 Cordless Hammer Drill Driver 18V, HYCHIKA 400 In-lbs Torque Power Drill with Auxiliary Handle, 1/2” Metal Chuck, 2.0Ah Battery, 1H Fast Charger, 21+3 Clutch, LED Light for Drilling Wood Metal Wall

...

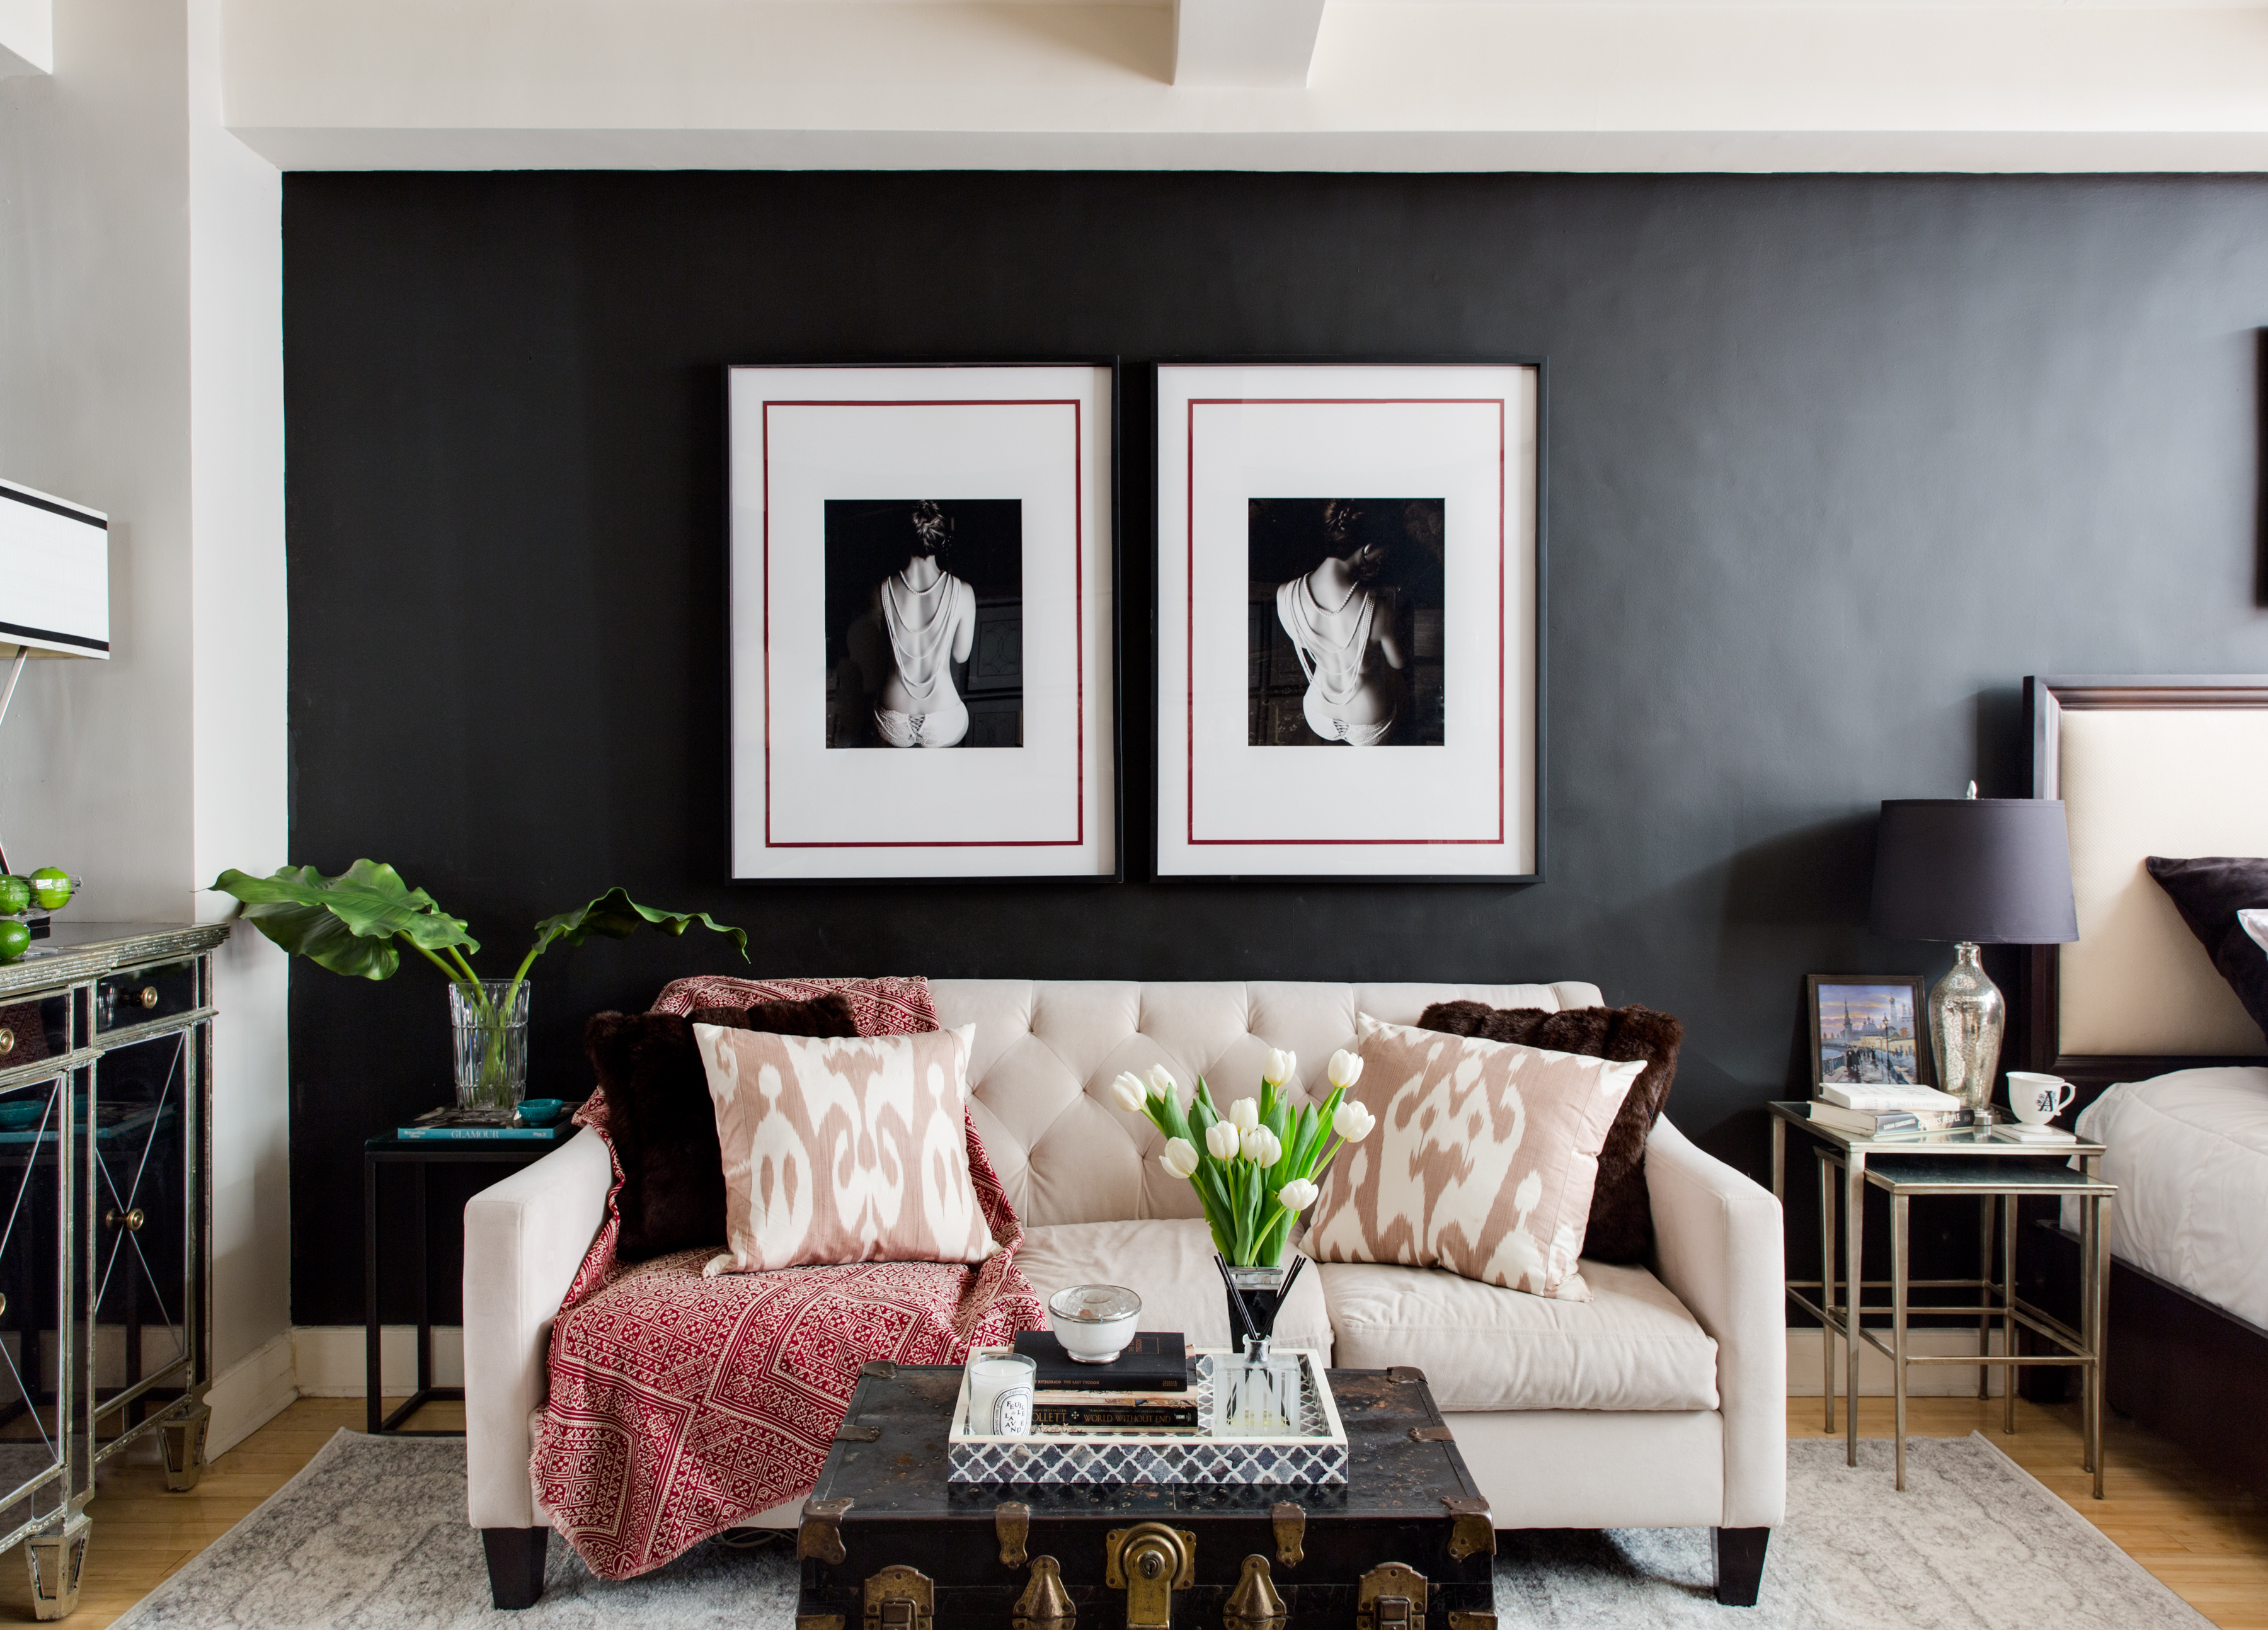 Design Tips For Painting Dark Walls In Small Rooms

---

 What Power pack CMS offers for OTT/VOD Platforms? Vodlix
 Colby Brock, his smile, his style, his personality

## YOUR GOAL
Spot the lines above that mention "Power" and copy them.

## PROBLEM SOLUTION
 Cordless Hammer Drill Driver 18V, HYCHIKA 400 In-lbs Torque Power Drill with Auxiliary Handle, 1/2” Metal Chuck, 2.0Ah Battery, 1H Fast Charger, 21+3 Clutch, LED Light for Drilling Wood Metal Wall
 What Power pack CMS offers for OTT/VOD Platforms? Vodlix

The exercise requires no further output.